▸ Assignment: What you return must match the listing below character for character, minus any pictures.

▸ Supplied data:
******

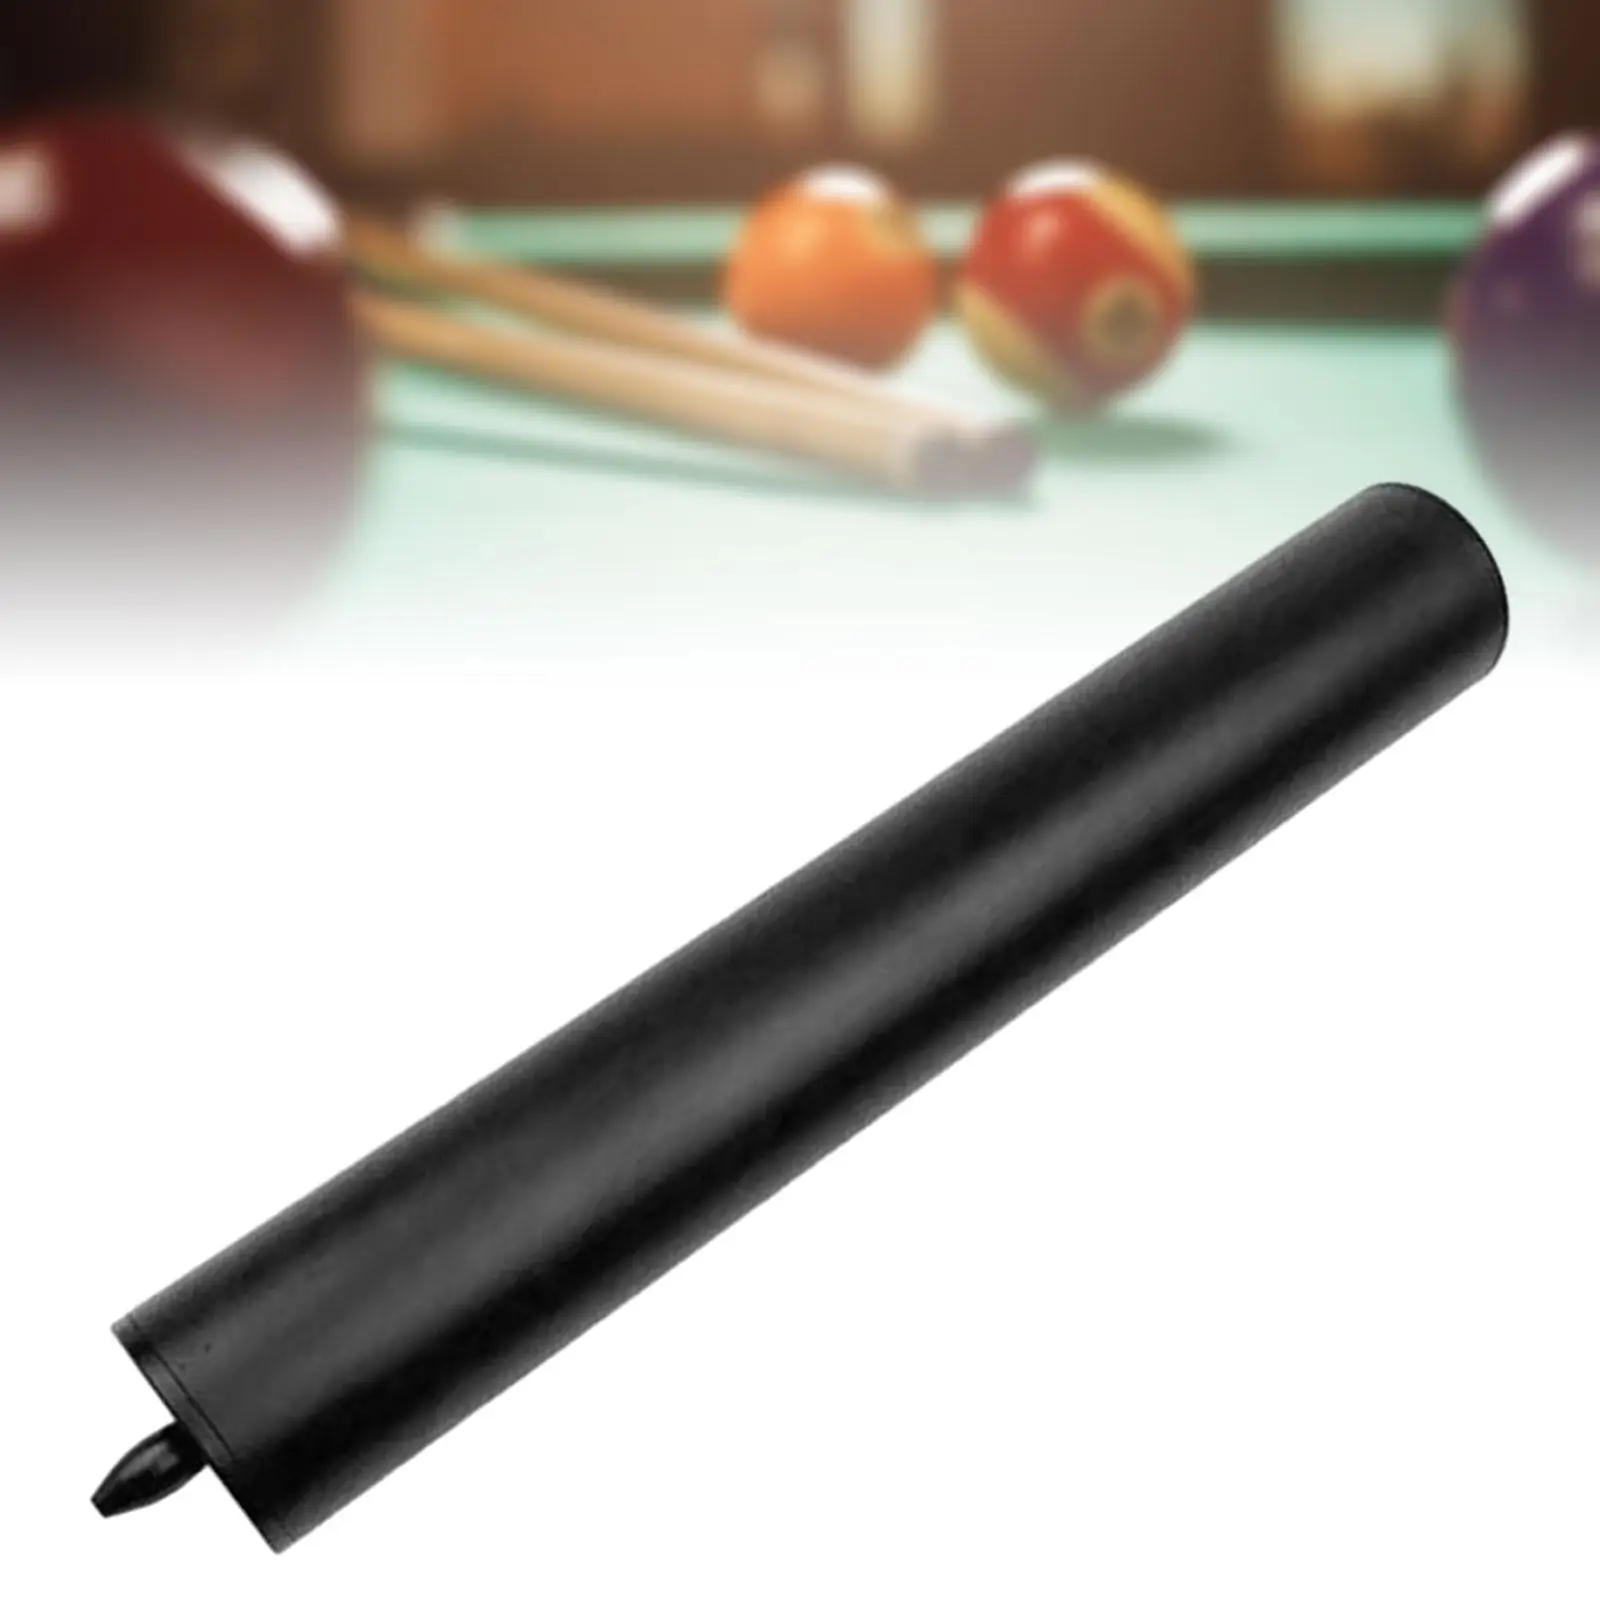 Pool Cue Extender Portable Professional Lightweight Billiards Cue Extension for Billiard Cues Beginners Athlete Enthusiast Parts
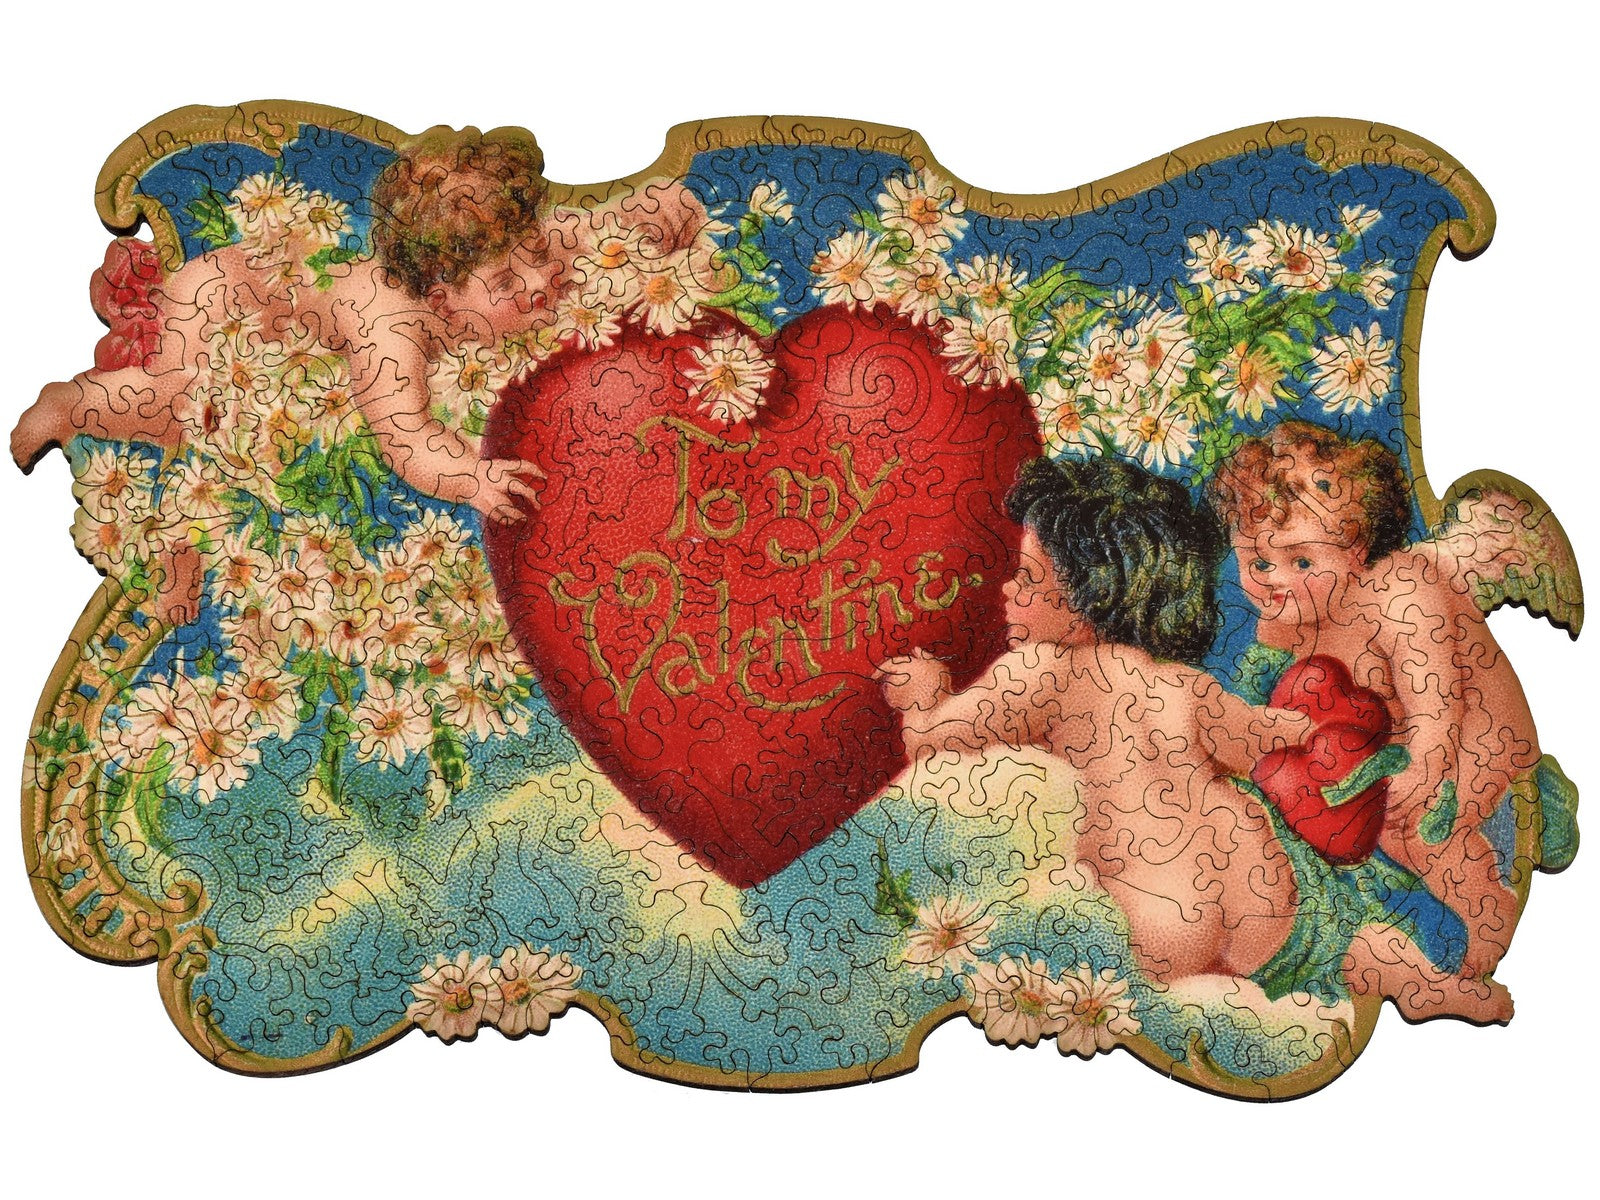 The front of the puzzle Cupid Garden Party, which shows three cherubs and flowers surrounding a heart with the words, "to my valentine".
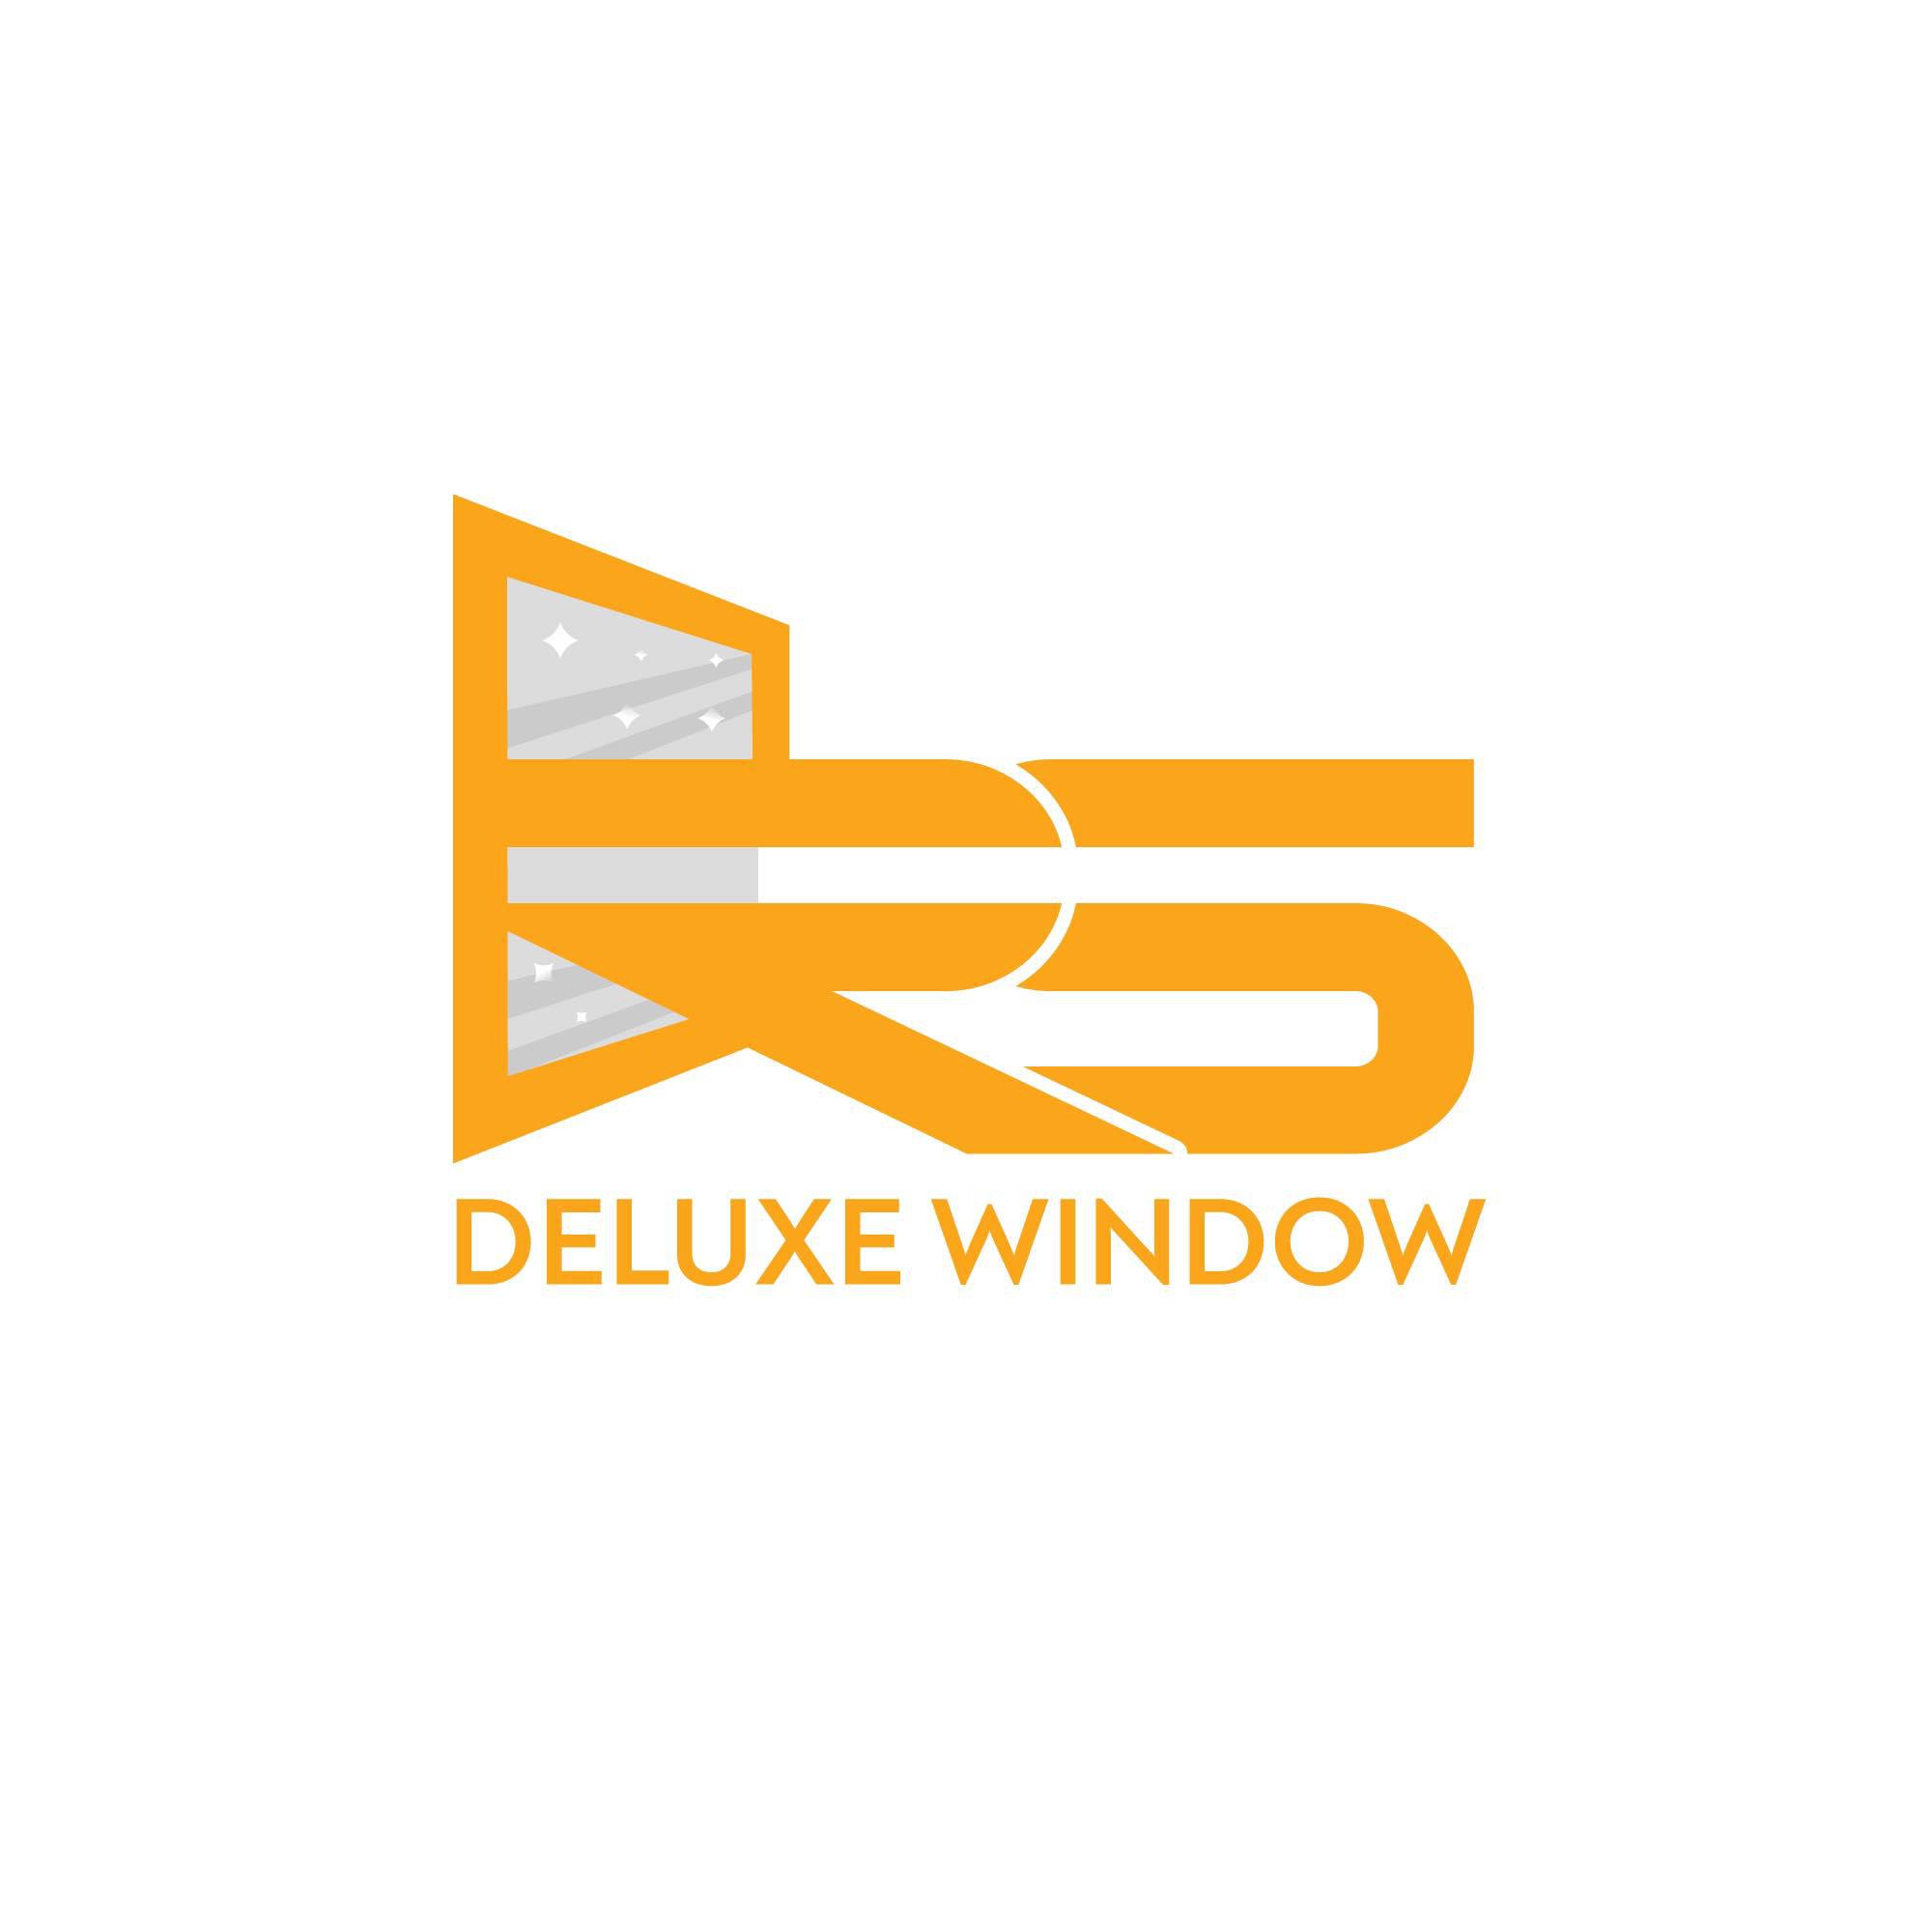 Images RS Deluxe Windows Ltd

******

▸ Answer space:
 Pool Cue Extender Portable Professional Lightweight Billiards Cue Extension for Billiard Cues Beginners Athlete Enthusiast Parts
 The front of the puzzle Cupid Garden Party, which shows three cherubs and flowers surrounding a heart with the words, "to my valentine".
 Images RS Deluxe Windows Ltd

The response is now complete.